→ **Problem requirements**
Restate the listing word for word; omit the images.

→ **Data excerpt**
============================================================
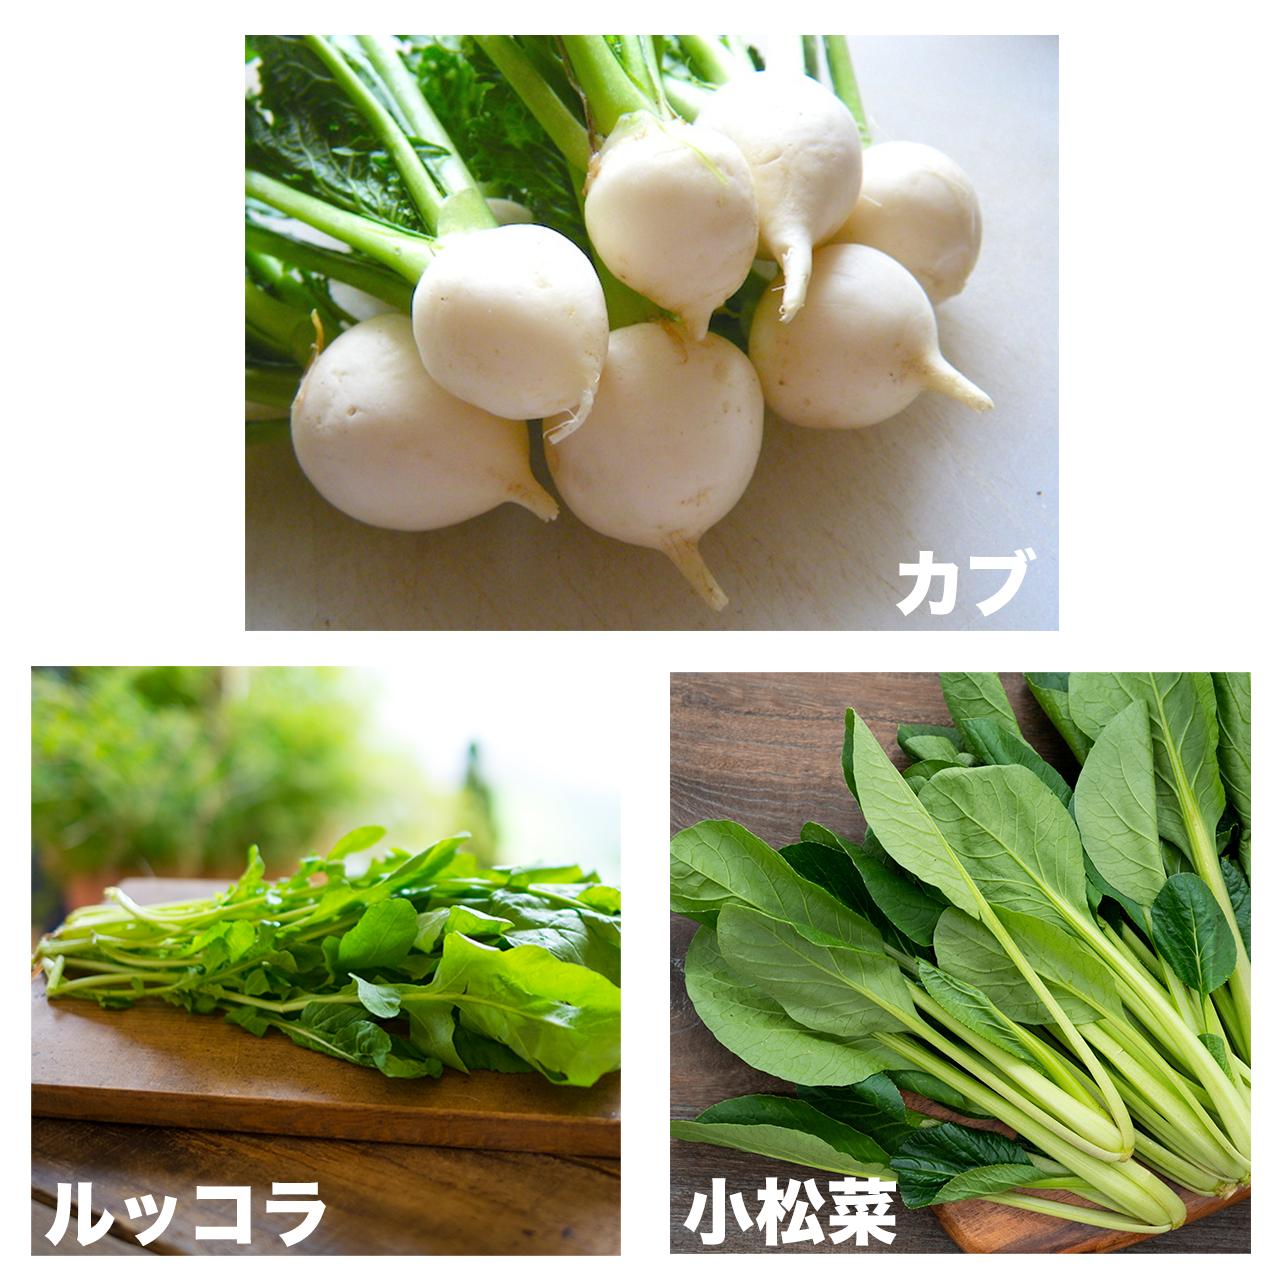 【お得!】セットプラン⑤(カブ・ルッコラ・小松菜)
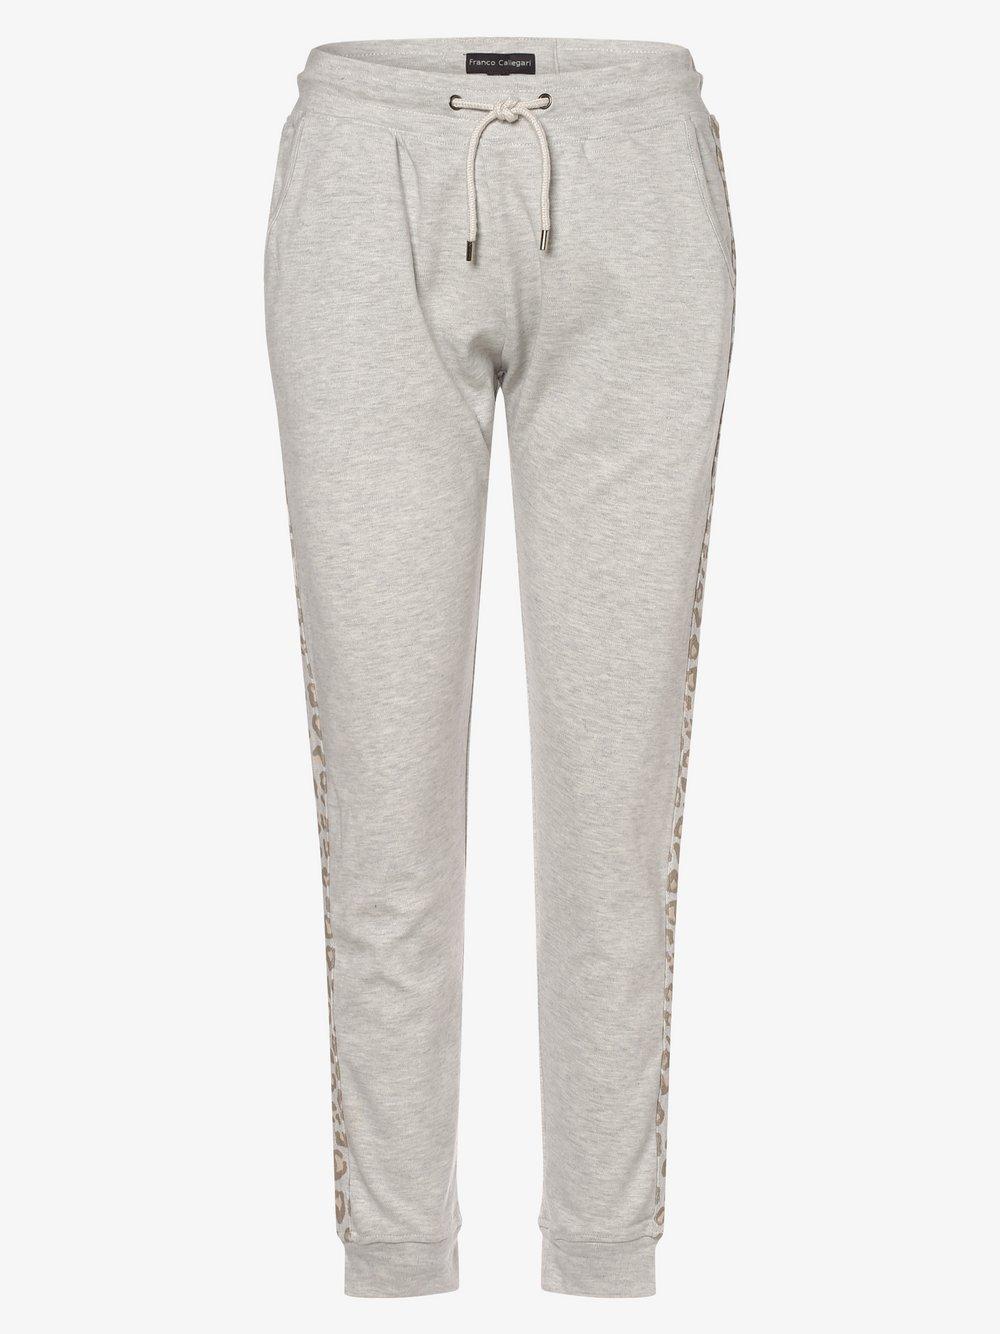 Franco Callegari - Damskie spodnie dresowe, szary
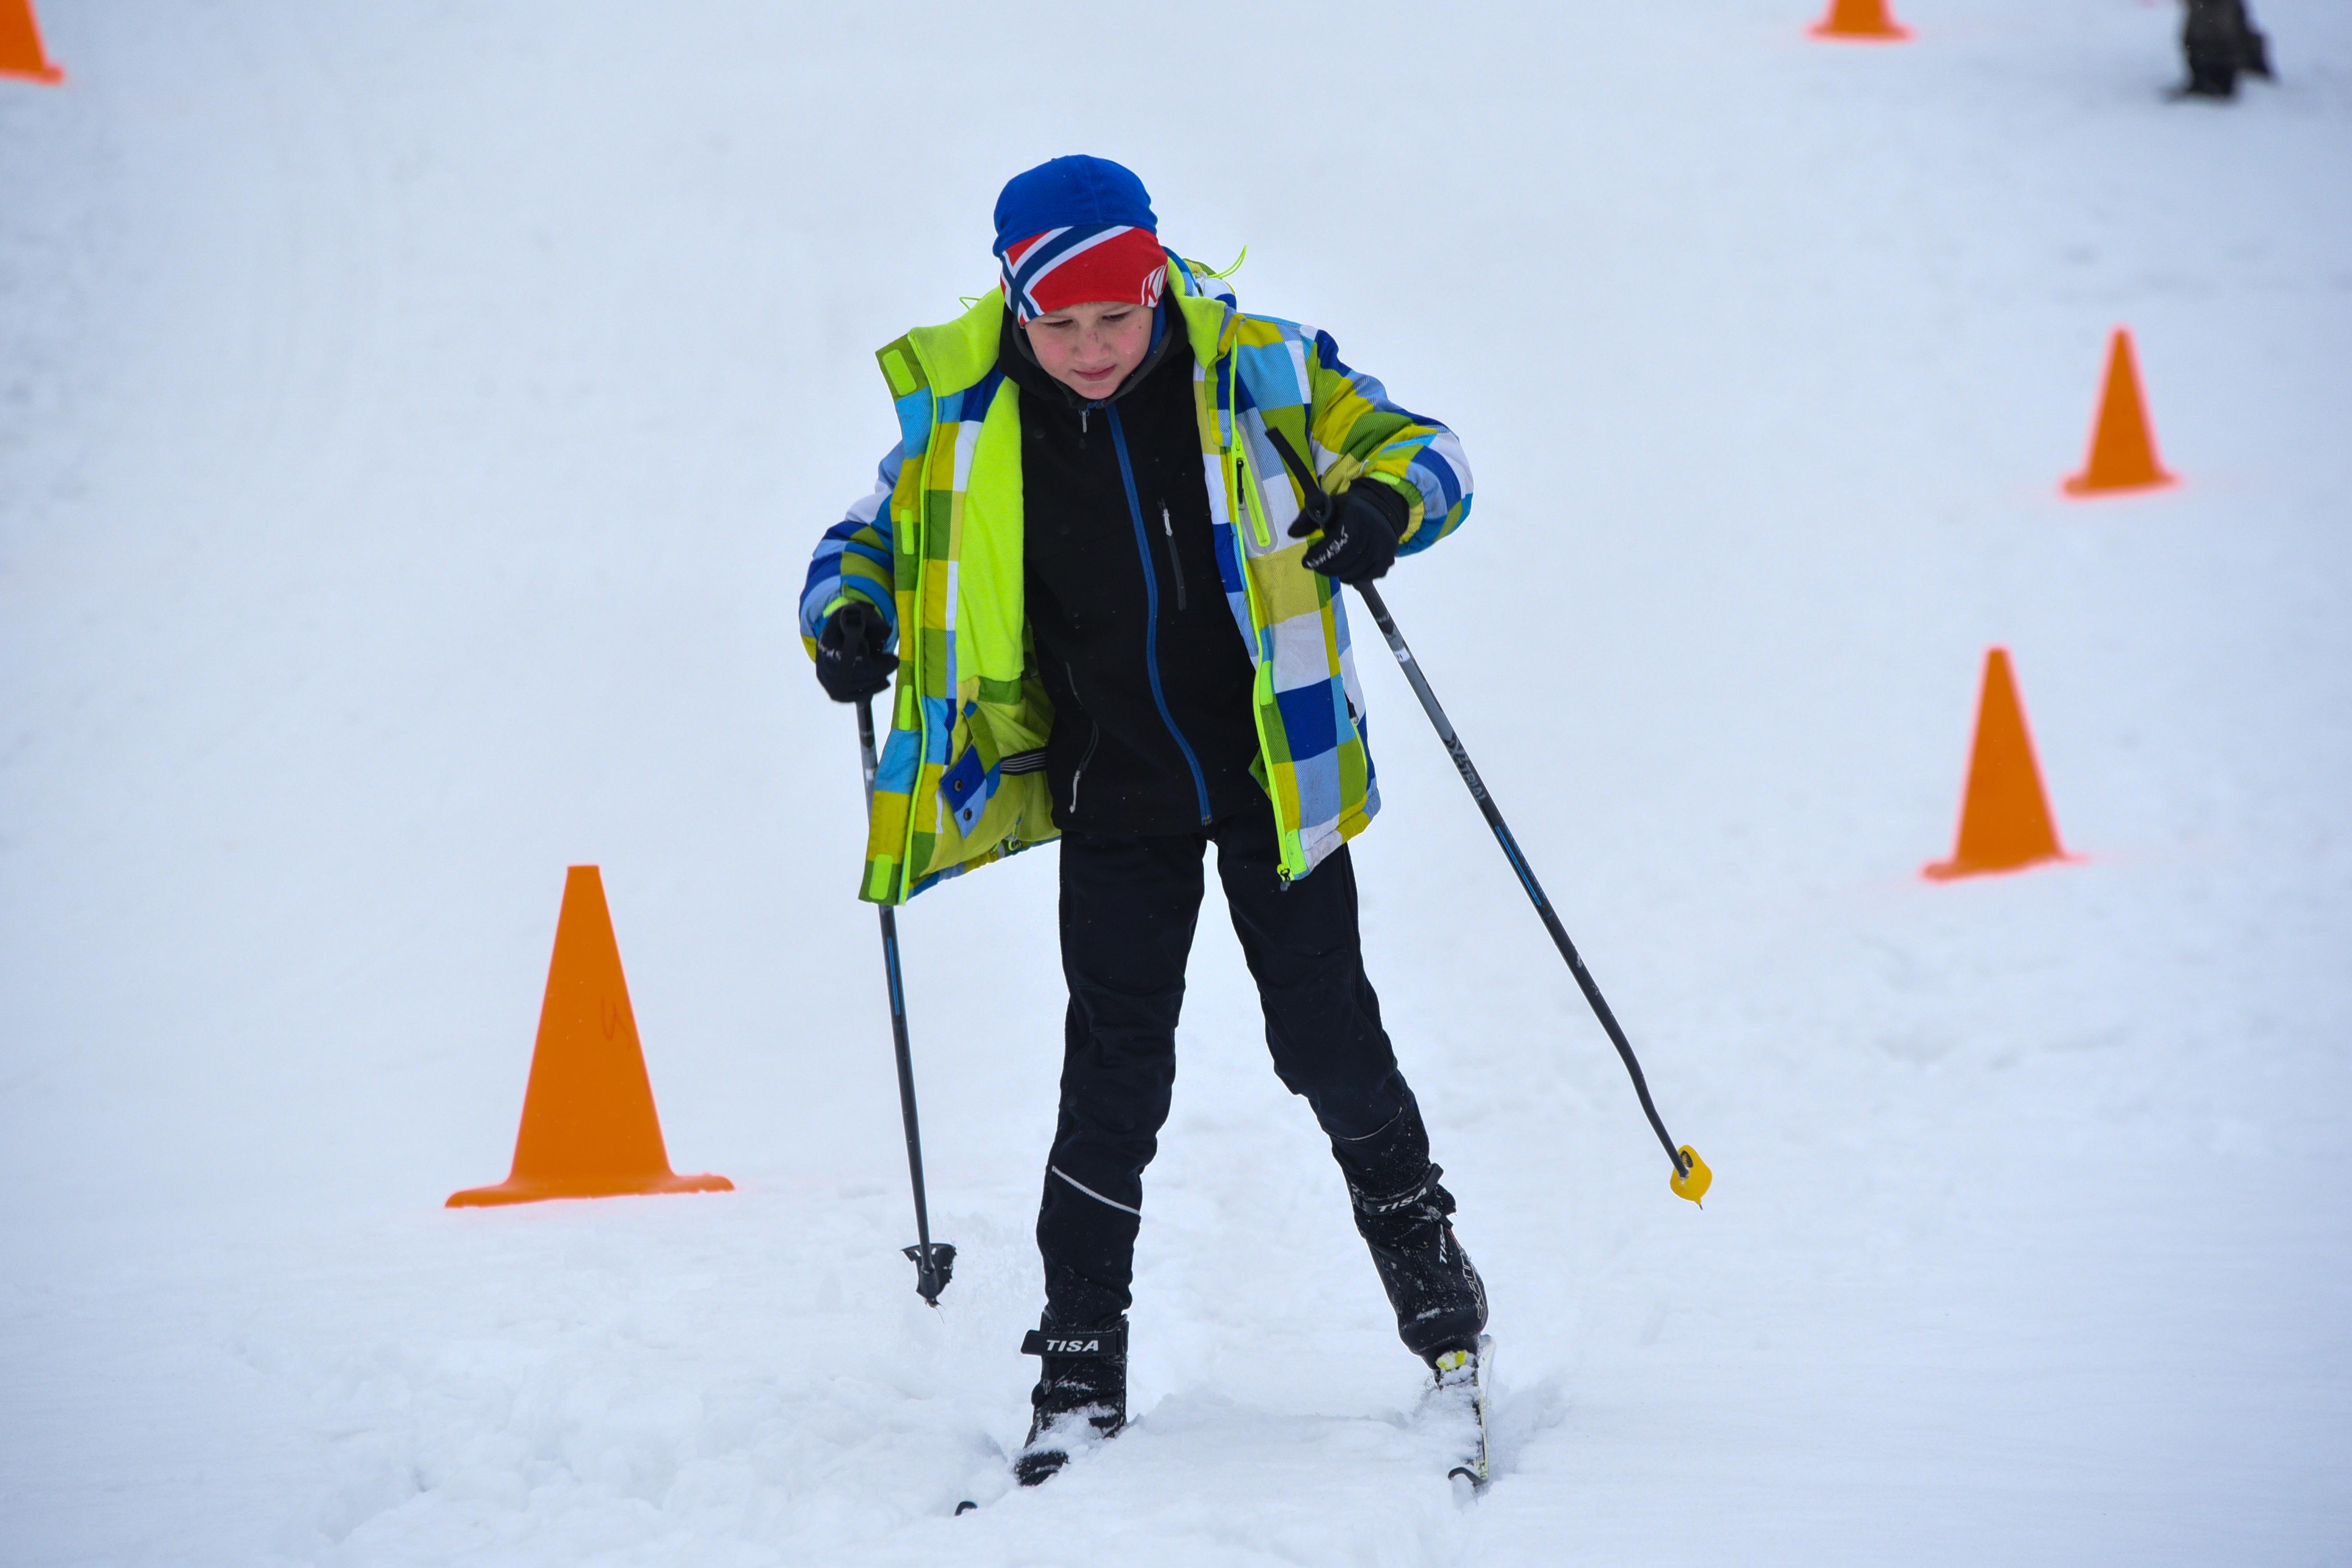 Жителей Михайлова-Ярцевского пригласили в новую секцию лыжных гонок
============================================================
→ **Response box**
 【お得!】セットプラン⑤(カブ・ルッコラ・小松菜)
 Franco Callegari - Damskie spodnie dresowe, szary
 Жителей Михайлова-Ярцевского пригласили в новую секцию лыжных гонок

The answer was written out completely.